Datastore class
Definition
Represents a storage abstraction over an Azure Machine Learning storage account.
Datastores are attached to workspaces and are used to store connection information to Azure storage services so you can refer to them by name and don't need to remember the connection information and secret used to connect to the storage services.
Examples of supported Azure storage services that can be registered as datastores are:
Azure Blob Container
Azure File Share
Azure Data Lake
Azure Data Lake Gen2
Azure SQL Database
Azure Database for PostgreSQL
Databricks File System
Azure Database for MySQL
Use this class to perform management operations, including register, list, get, and remove datastores.
Datastores for each service are created with the register* methods of this class. When using a datastore
to access data, you must have permission to access that data, which depends on the credentials registered
with the datastore.
For more information on datastores and how they can be used in machine learning see the following articles:
Datastore(workspace, name=None)
- Inheritance
-
builtins.objectDatastore
Remarks
To interact with data in your datastores for machine learning tasks, like training, create an Azure Machine Learning dataset. Datasets provide functions that load tabular data into a pandas or Spark DataFrame. Datasets also provide the ability to download or mount files of any format from Azure Blob storage, Azure Files, Azure Data Lake Storage Gen1, Azure Data Lake Storage Gen2, Azure SQL Database, and Azure Database for PostgreSQL. Learn more about how to train with datasets.
The following example shows how to create a Datastore connected to Azure Blob Container.
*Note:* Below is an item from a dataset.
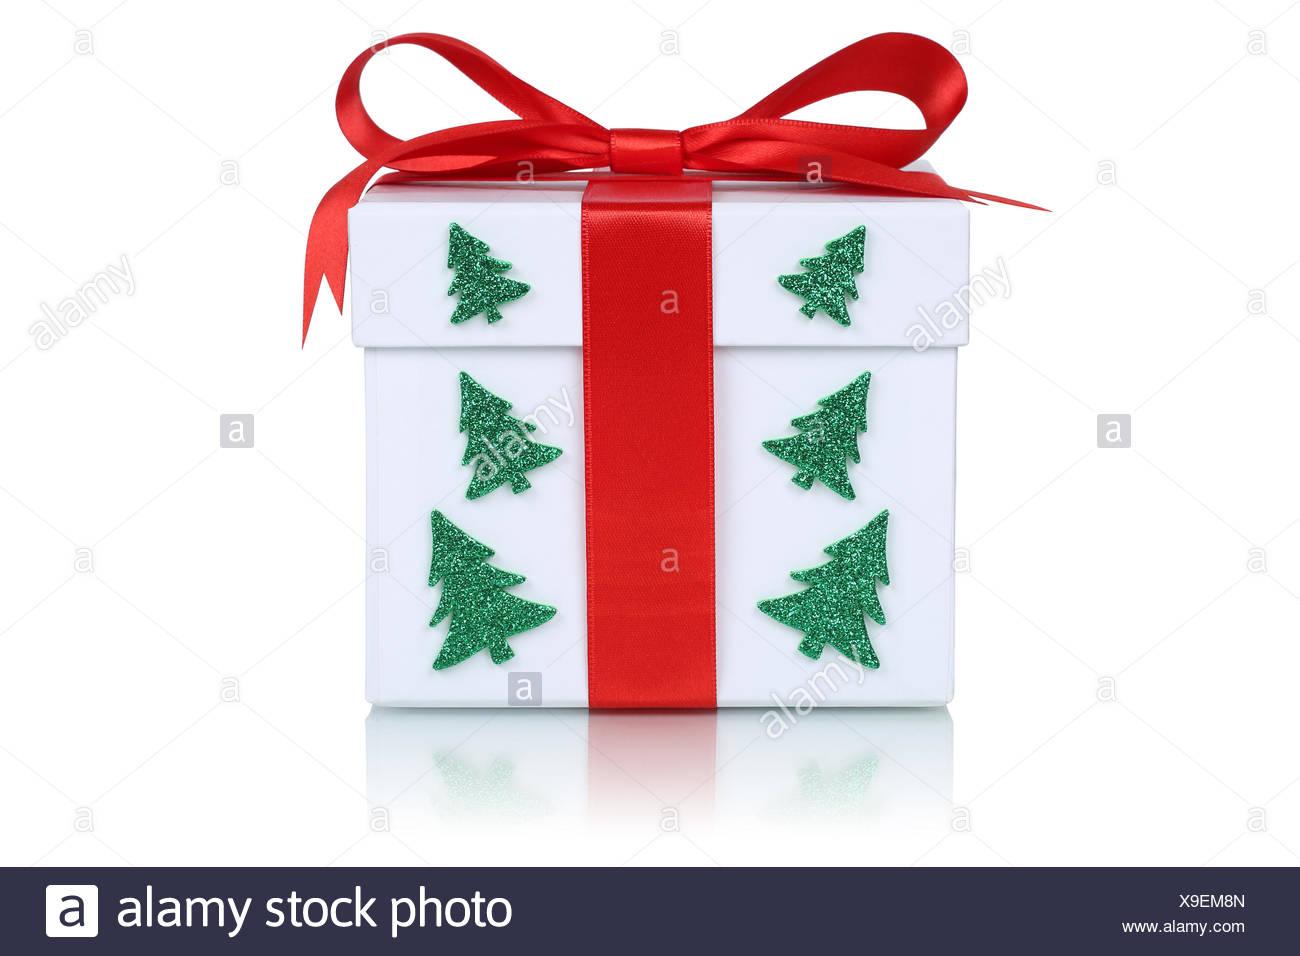 Weihnachtsgeschenk Weihnachten.Weihnachtsgeschenk Geschenk An Weihnachten Mit Tannenbaum Stock

from msrest.exceptions import HttpOperationError
blob_datastore_name='MyBlobDatastore'
account_name=os.getenv("BLOB_ACCOUNTNAME_62", "<my-account-name>") # Storage account name
container_name=os.getenv("BLOB_CONTAINER_62", "<my-container-name>") # Name of Azure blob container
account_key=os.getenv("BLOB_ACCOUNT_KEY_62", "<my-account-key>") # Storage account key
try:
blob_datastore = Datastore.get(ws, blob_datastore_name)
print("Found Blob Datastore with name: %s" % blob_datastore_name)
except HttpOperationError:
blob_datastore = Datastore.register_azure_blob_container(
workspace=ws,
datastore_name=blob_datastore_name,
account_name=account_name, # Storage account name
container_name=container_name, # Name of Azure blob container
account_key=account_key) # Storage account key
print("Registered blob datastore with name: %s" % blob_datastore_name)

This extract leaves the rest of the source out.